On this topic, it is worth mentioning the Brazilian National Agency of Petroleum, Natural Gas and Biofuels recently granted PetroRio the ‘Operator A’ qualification, which allows the company to perform activities in deep and ultra-deep water, essential for its growth strategy. The current scenario offers good opportunities both in Brazil and abroad, and PetroRio is strategically positioned as one of the sector’s main candidates for value creation given its solid balance sheet, highly qualified technical staff and capital allocation discipline. The company goal is to reach a production of 100,000 barrels per day by the end of 2017. This will be achieved through mergers and acquisitions in order to further dilute fixed costs and capture additional gains when the oil price recovers.

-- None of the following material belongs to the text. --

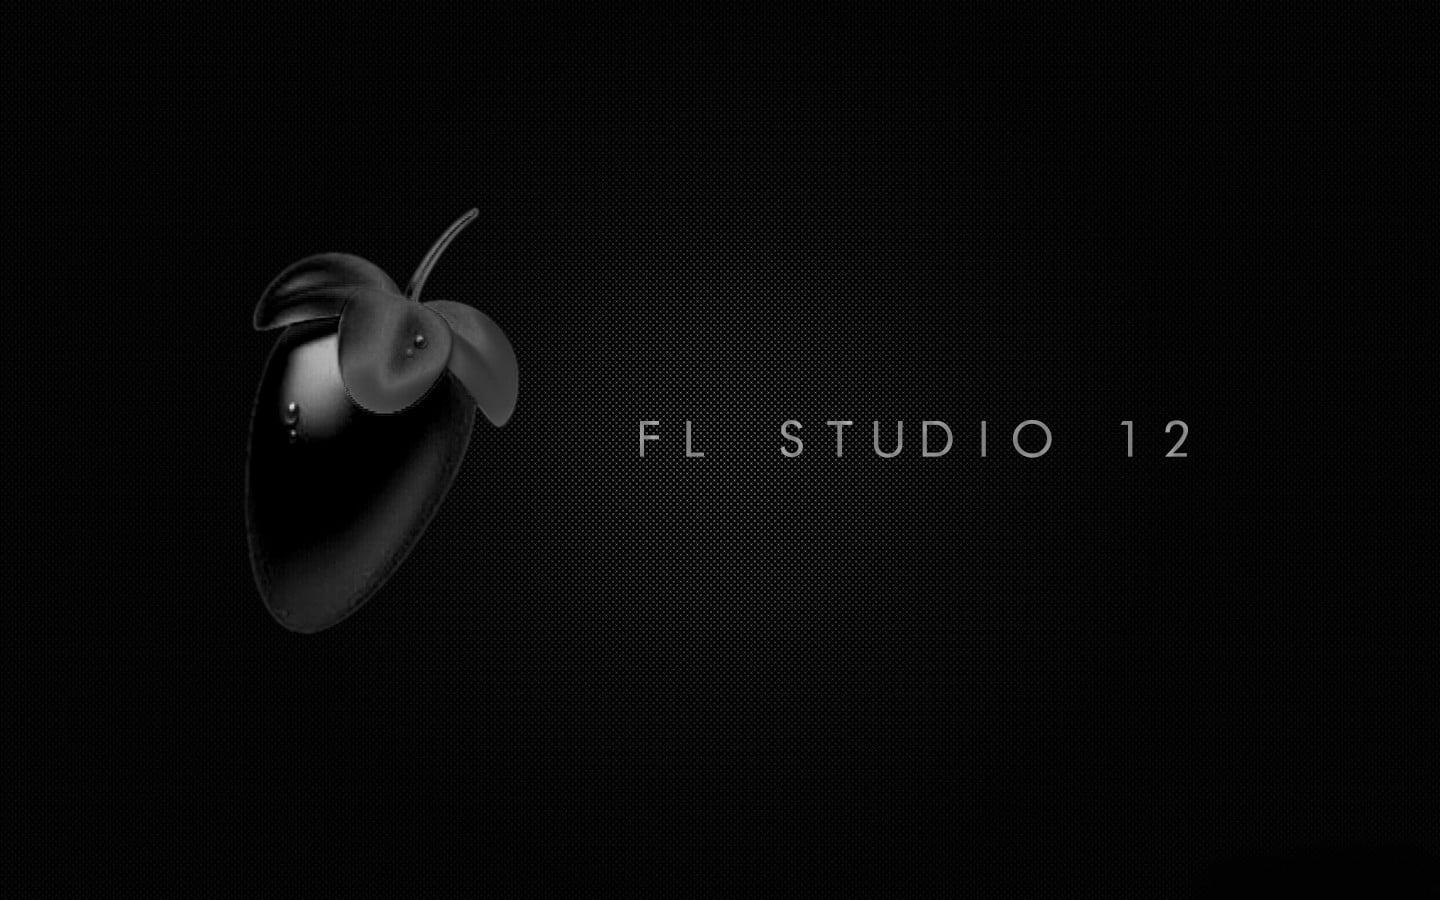 fl studio logo hd wallpaper

In line with its strategic focus on producing fields and reducing exposure on exploratory risks, PetroRio completed the farm-out of the concessions held by the company in the Brazilian Solimões Sedimentary Basin to Rosneft for $55m, and did not renew the oil exploration licenses in Namibia. Therefore, the company is no longer exposed to commitments with the exploration project in the amount of $150m that would be originated from the automatic renewal of these licenses. Continuing with the process of divesting on non-strategic assets, four aircraft were sold during 2015 for $6.1m. Two others were sold in the first quarter of 2016 leaving only one aircraft, for which the firm is currently
seeking a buyer.
In addition to Polvo Field’s optimisation, another area that should be highlighted is PetroRio’s innovative capacity and entrepreneurial culture. This has proven to be of vital importance as the energy company has now become the first in Brazil to use a new technology for oil containment and collection in case of oil spills. At the same time, the new equipment, Side Collector, increases oil collection capacity, as well as being able to eliminate the need for a second dedicated vessel. This then goes towards promoting the firm’s expected annual cost savings of approximately $3m. This strong culture, focused on results, will consolidate PetroRio as Brazil’s largest independent oil and gas production company.

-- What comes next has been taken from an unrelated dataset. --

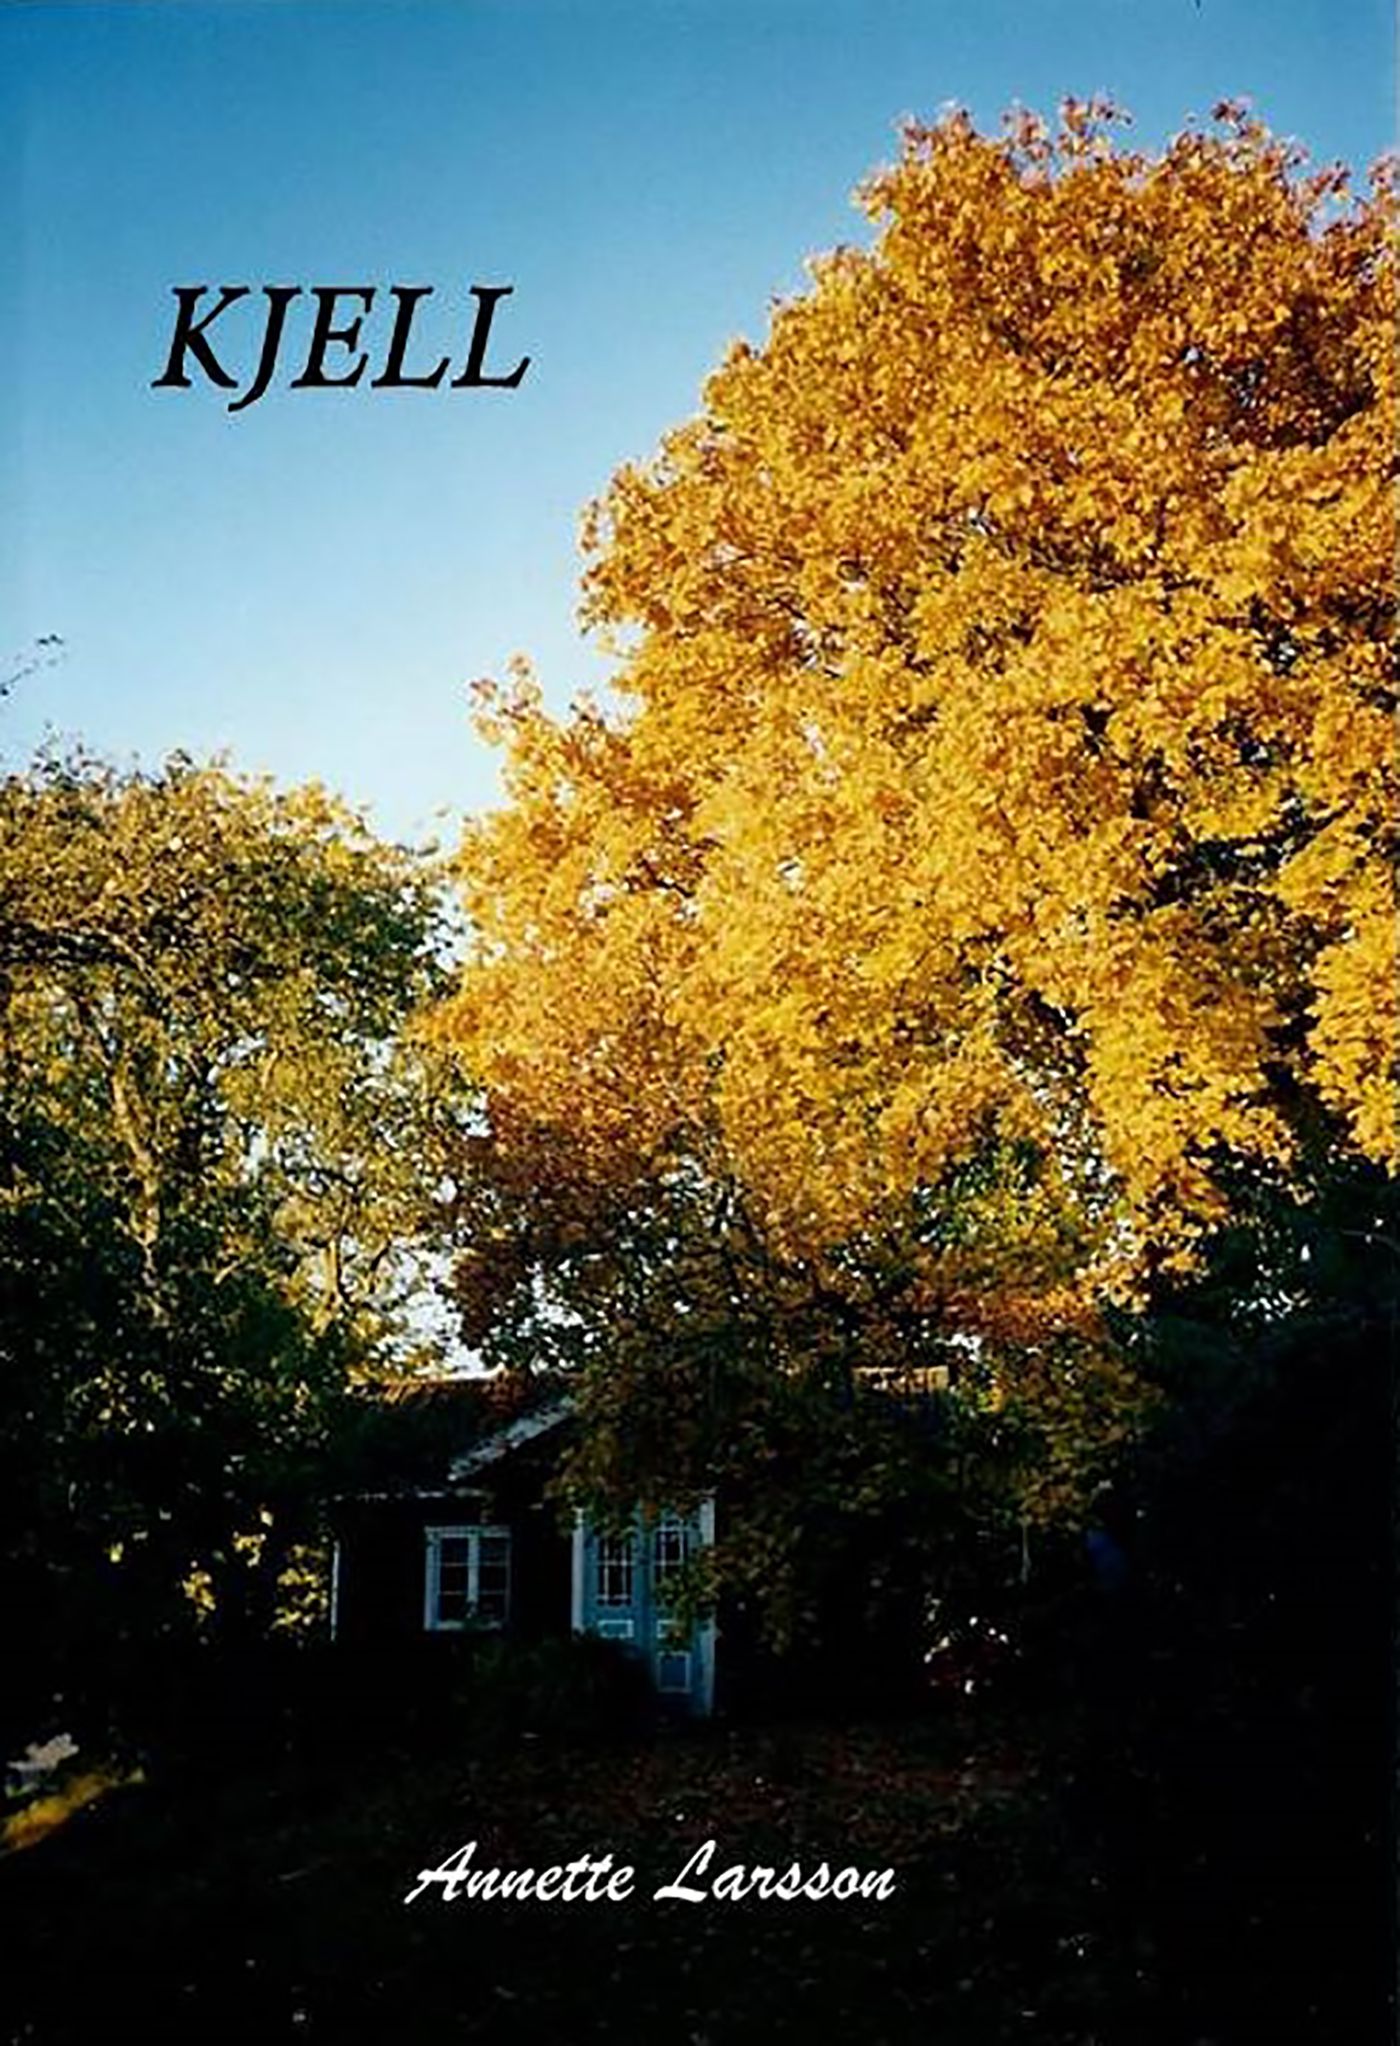 Kjell, eBook by Annette Larsson

Lastly, on July 14, PetroRio completed 1,500 days without lost-time injuries on the Polvo A fixed platform, which is equivalent to more than four years or approximately one million working hours. This important milestone demonstrates the company’s commitment to reflecting the principles of economic, environmental and social sustainability in its values and culture.

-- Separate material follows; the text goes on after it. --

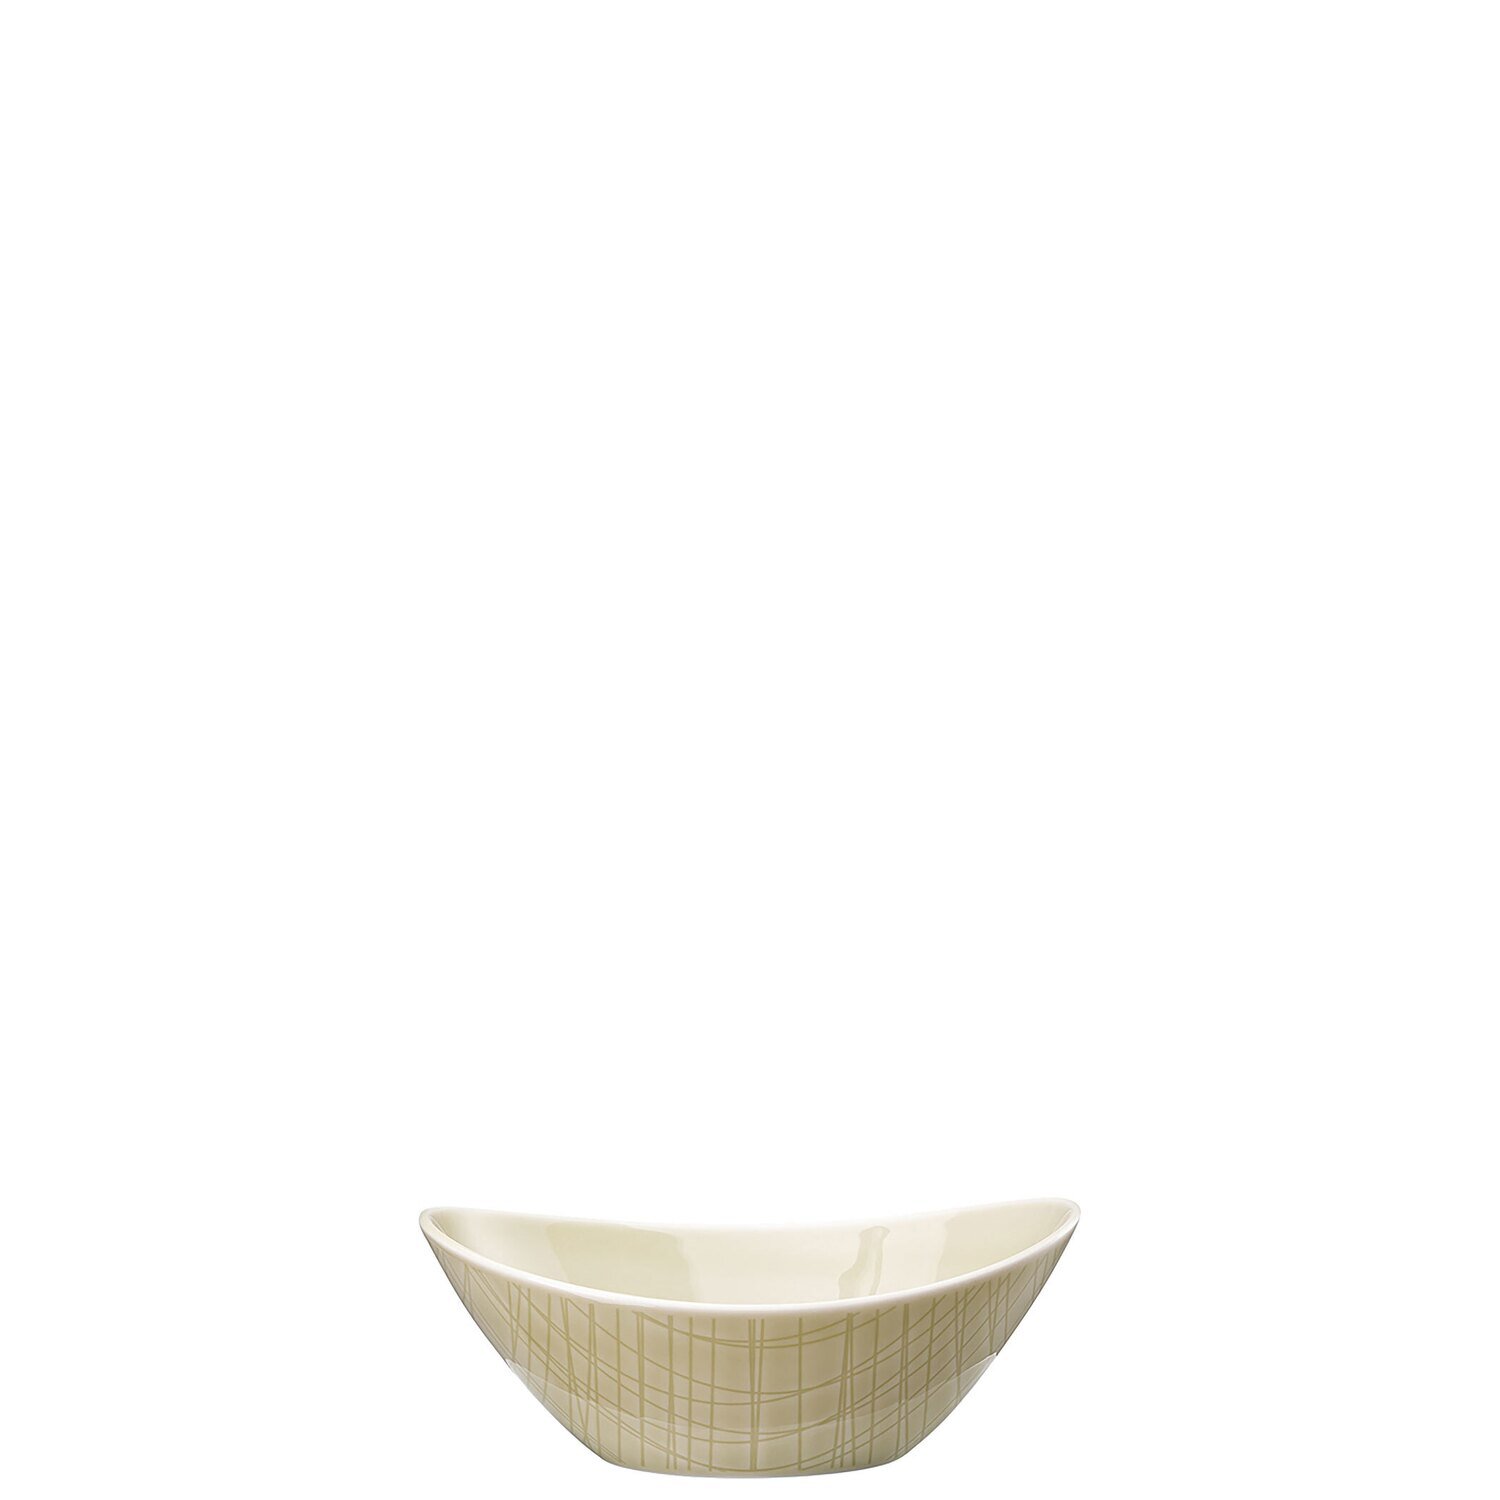 Rosenthal Mesh Cream Nesting Bowl Oval 6 x 4 1/3 Inch

PetroRio had what can only be described as a successful 2015. In the environment of seemingly unending soft energy prices, many firms around the world have wavered, unsure of how to move forward in this new climate. PetroRio has not been one of them. It has faced the decline head on and used it as an opportunity for reorganisation. Its strong corporate culture has allowed it to make the most of the tough international climate within which it finds itself operating; its hard-headed and practical approach has allowed it to face down the worst of the world’s energy price collapse. PetroRio can now boldly move forward – in spite of prices seemingly not recovering anytime soon – with confidence.